ECLI:NL:HR:2012:BX4987
Hoge Raad
- Cassatie
- W.A.M. van Schendel
- H.A.G. Splinter-van Kan
- W.F. Groos
- Rechtspraak.nl
Vernietiging van de strafoplegging door de Hoge Raad wegens schending van de motiveringsplicht
In deze zaak heeft de Hoge Raad op 25 september 2012 uitspraak gedaan in een cassatieprocedure tegen een arrest van het Gerechtshof te Amsterdam. De verdachte was eerder veroordeeld tot een gevangenisstraf van één maand voor het opzettelijk gebruik maken van een vals identiteitsbewijs. De verdediging had in hoger beroep betoogd dat aan de verdachte geen onvoorwaardelijke gevangenisstraf opgelegd diende te worden, en dit standpunt was onderbouwd met verschillende persoonlijke omstandigheden van de verdachte, waaronder zijn gebrek aan kennis van de Nederlandse taal en zijn wens om legaal verblijf in Nederland te verkrijgen voor hem en zijn gezin.
De Hoge Raad oordeelde dat het Hof in strijd met artikel 359, tweede lid, van het Wetboek van Strafvordering had verzuimd om in het bijzonder de redenen op te geven waarom het was afgeweken van het door de verdediging ingenomen standpunt. Dit verzuim leidde tot nietigheid van de uitspraak van het Hof.

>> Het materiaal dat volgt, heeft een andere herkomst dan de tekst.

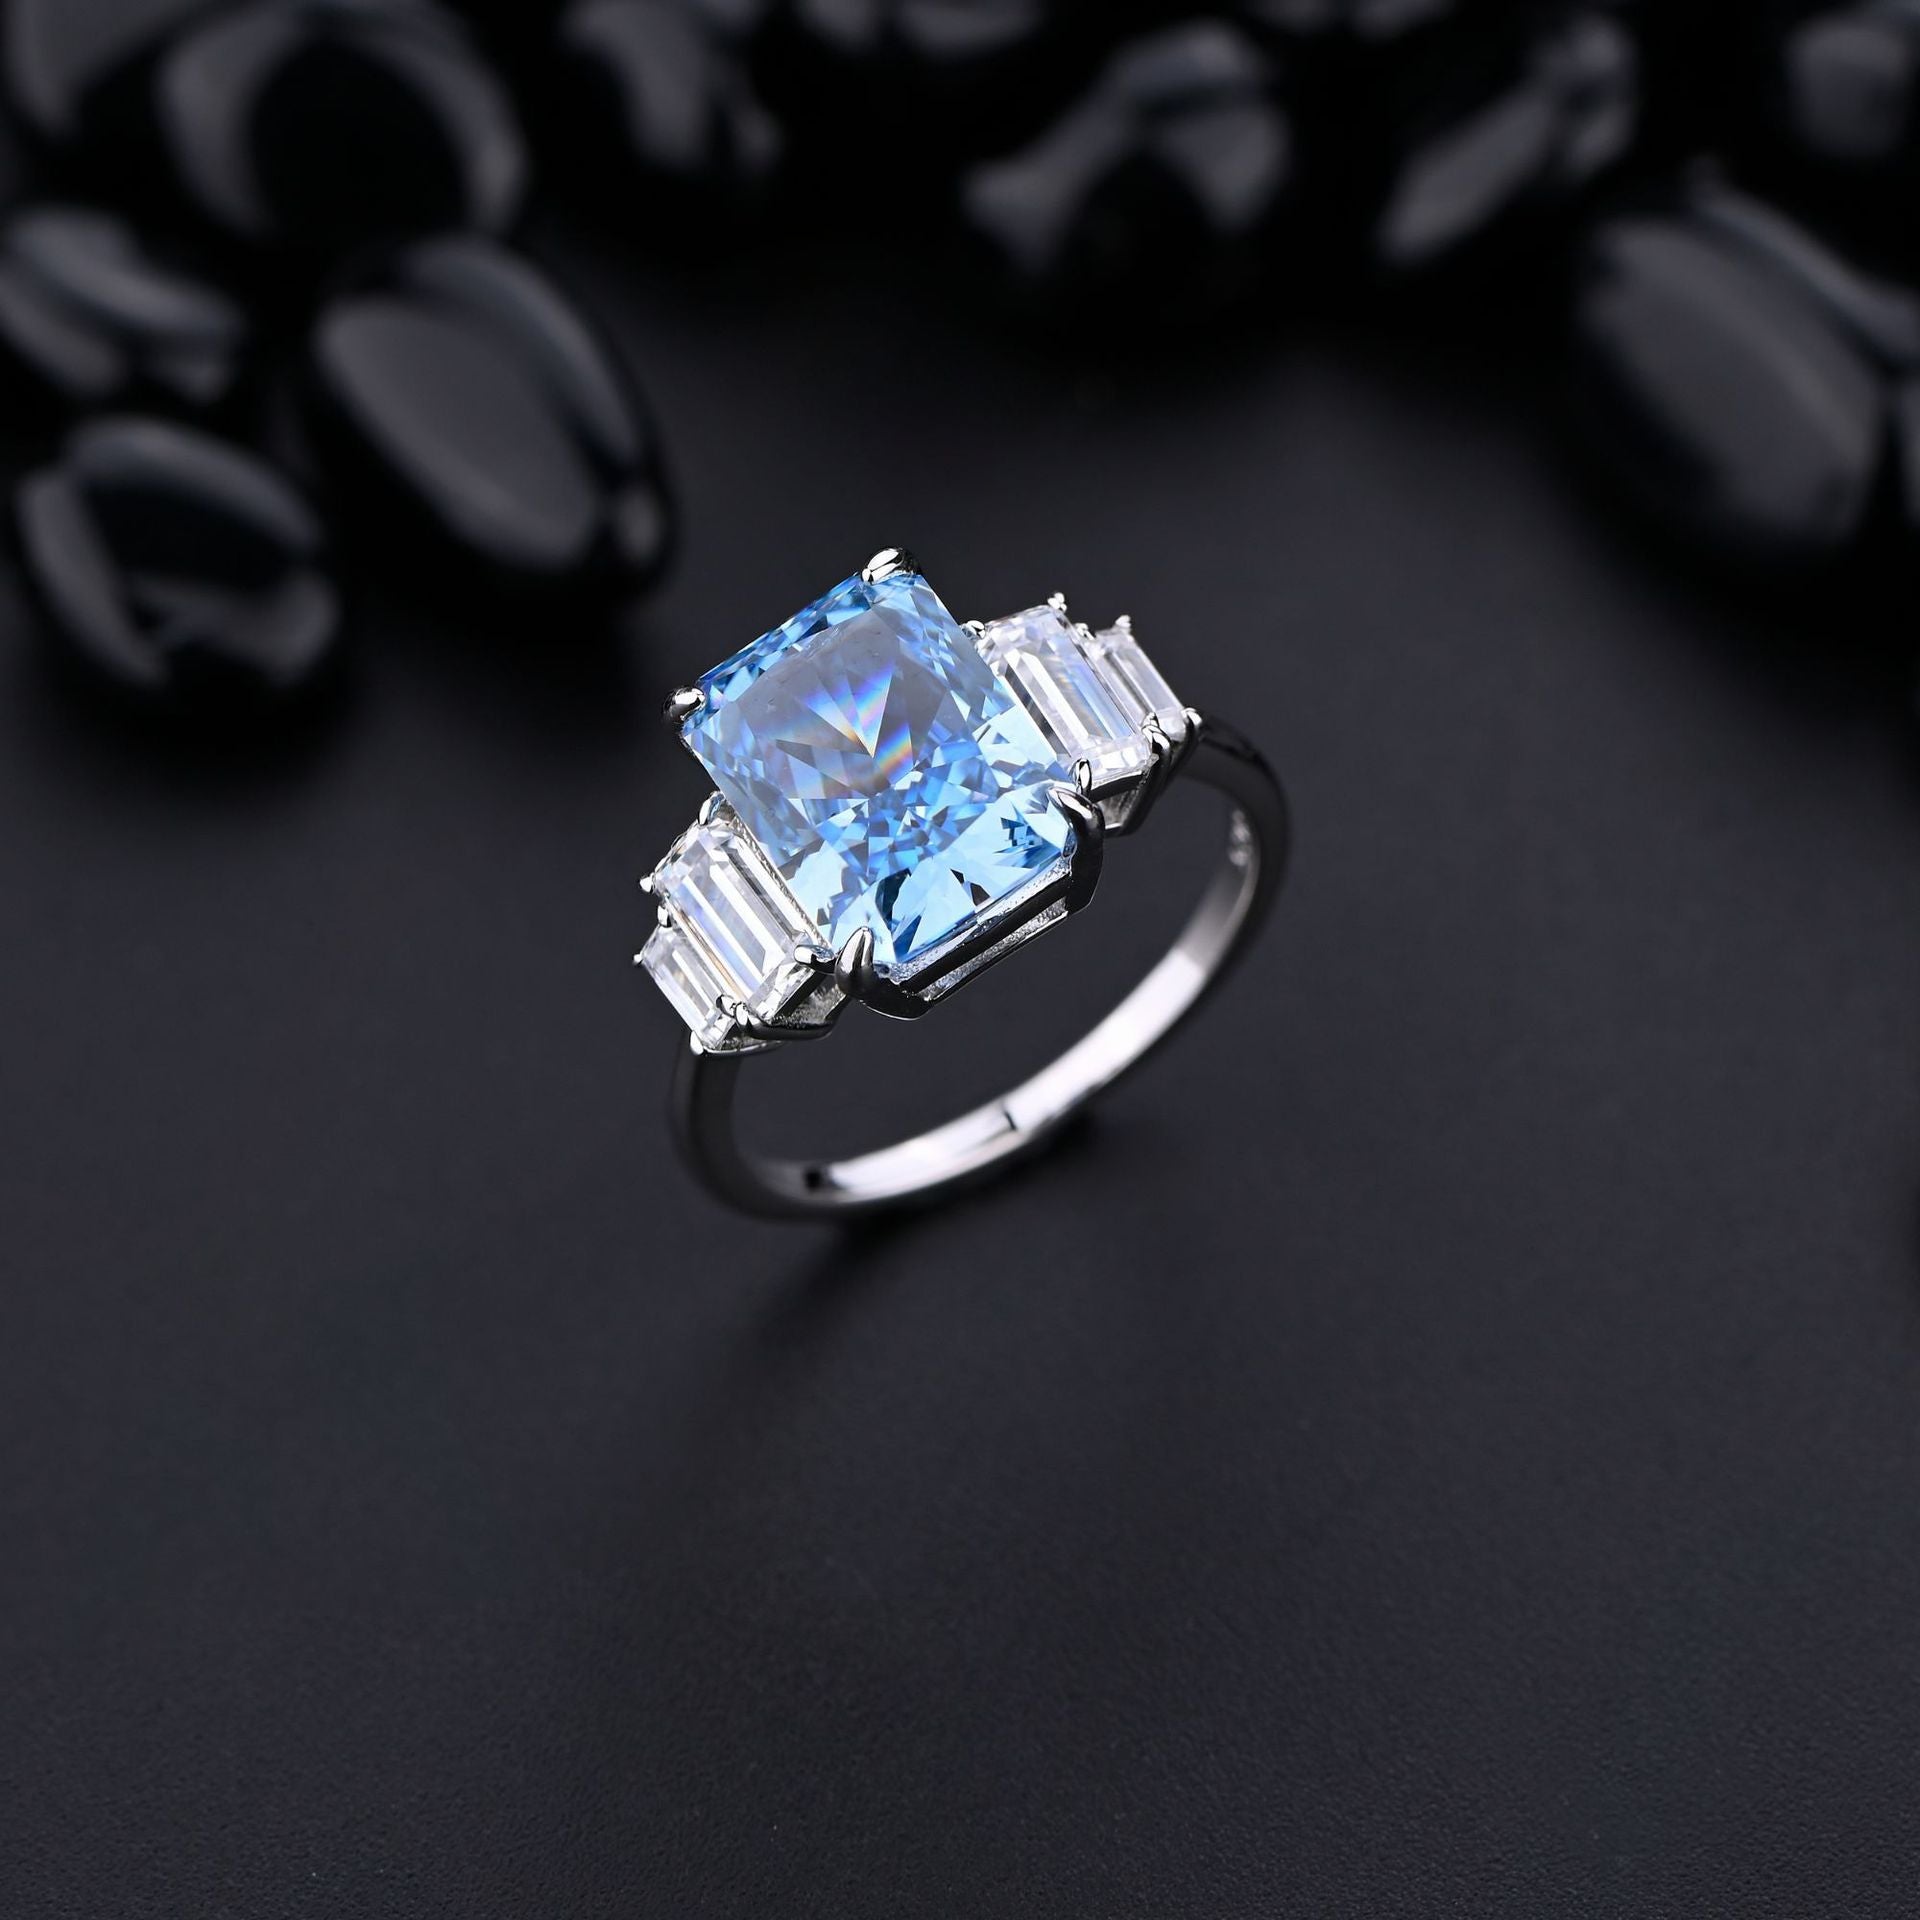 "Azure Elegance" Adjustable Ring with Synthetic Aquamarine

De Advocaat-Generaal had geconcludeerd tot vernietiging van het bestreden arrest, maar uitsluitend wat betreft de strafoplegging, en tot terugwijzing van de zaak naar het Gerechtshof te Amsterdam voor herbehandeling van de straf.
De Hoge Raad vernietigde de bestreden uitspraak, maar uitsluitend wat betreft de strafoplegging, en wees de zaak terug naar het Gerechtshof te Amsterdam. De Hoge Raad verwerpt het beroep voor het overige. Dit arrest benadrukt het belang van een zorgvuldige motivering door de rechter bij het afwijken van de standpunten van de verdediging, en bevestigt dat een gebrek aan motivering kan leiden tot nietigheid van de uitspraak.